Picture a young married couple about to board the only ship that can take them, their infant son, and a second baby boy on the way to a life of freedom. They have just said goodbye to everyone they love and the only home they've ever known. The intuitive decision to sew their wedding rings into the lining of her bra the night before would become a tangible memory of that fearful moment when their suitcase, baby bag, and everything else they attempted to carry on was stripped away.
Those people are my parents, who immigrated to the United States from Cuba in 1963. And their journey from nearly 60 years ago is really where my story begins. Because without their selfless love and leadership, life as my two brothers and I know it today would have been vastly different.
Their path to the United States was made possible through a ransom deal after the Bay of Pigs Invasion, a failed attack launched by the Central Intelligence Agency in 1961 to push Cuban leader Fidel Castro from power and halt the spread of communism throughout the world. Castro’s militia captured approximately 1,200 of the 1,500 freedom fighters—among them, my uncle. Two years later, he was returned to the United States, along with many other prisoners of war and family members, in exchange for $53 million in food and medical supplies, donated by companies all over the United States, as a condition for their release.

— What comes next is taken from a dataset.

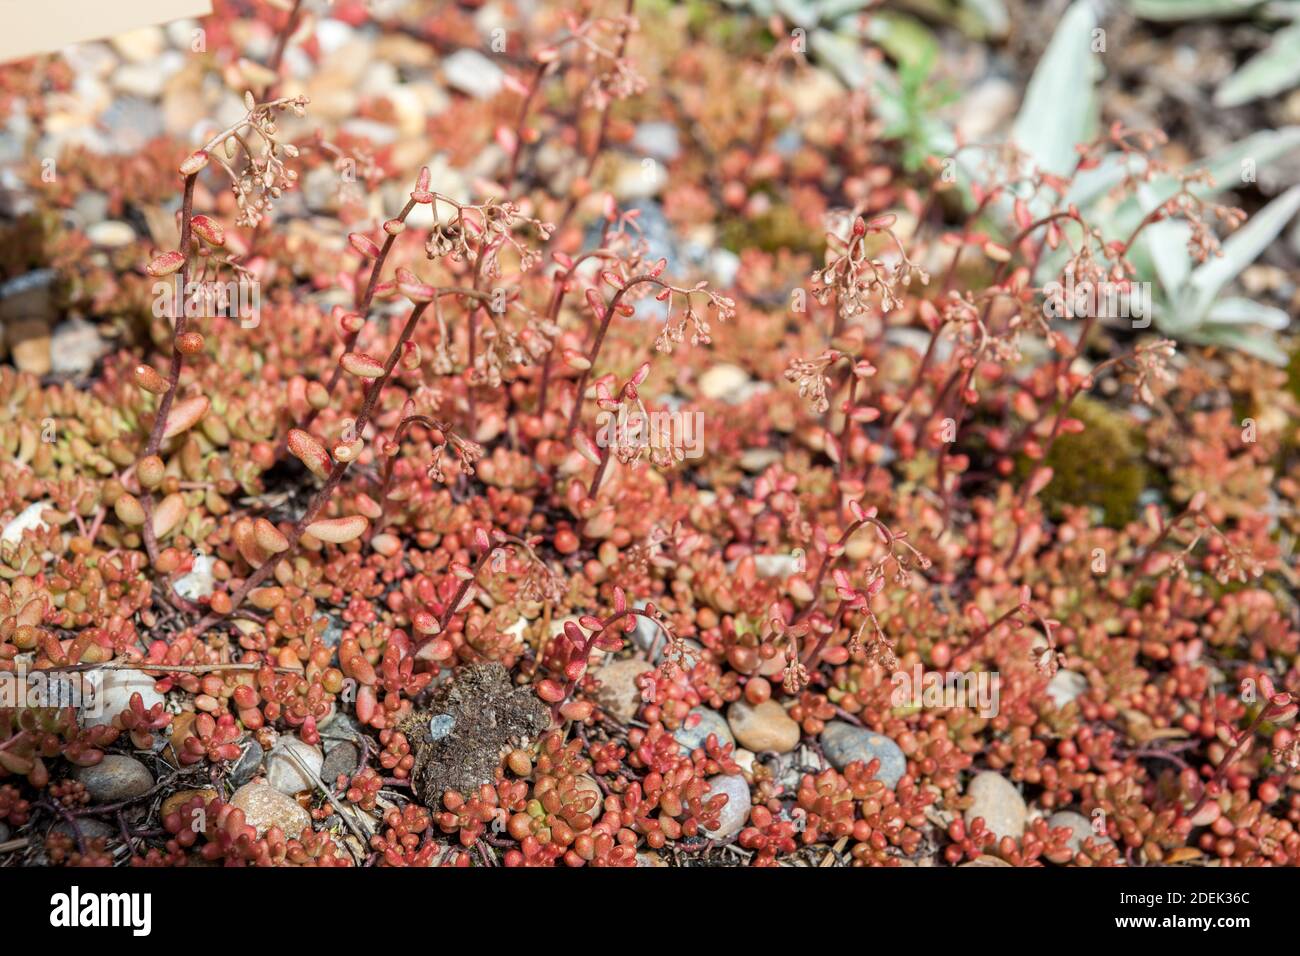 'Coral Carpet' White Stonecrop, Vit fetknopp (Sedum album) Stock Photo

In honor of Hispanic Heritage Month, I’m grateful for the opportunity to share this snippet of personal history and introduce myself to the wonderful community of Blogrige readers and countless Baldrige Program volunteers who are so essential in helping us do what we do.
I joined the Baldrige team as a writer/editor in July. I also spent many years before that with a media and training company in Northern Virginia, where I wore a few hats (e.g., graphic designer, editor, and digital strategist).
One reason I’m so proud to work with the Baldrige Program is at the heart of its mission:
“To provide global leadership in the learning and sharing of successful strategies and performance practices, principles, and methodologies.”
For those who question the origins of such leadership, in the words of Baldrige Fellow Dr. Veronica Muzquiz Edwards, CEO of InGenesis and a Baldrige Alumni Fellow, “We’re all going to face challenges, and it’s how we deal with them that creates leadership.”
I could not agree more, whether we’re striving to improve the quality of life for our customers, professional communities, or families. Experience has taught me that we must lead with courage to navigate the unknown, make sacrifices, reframe challenges as growth opportunities, and create a safe environment where everyone can succeed.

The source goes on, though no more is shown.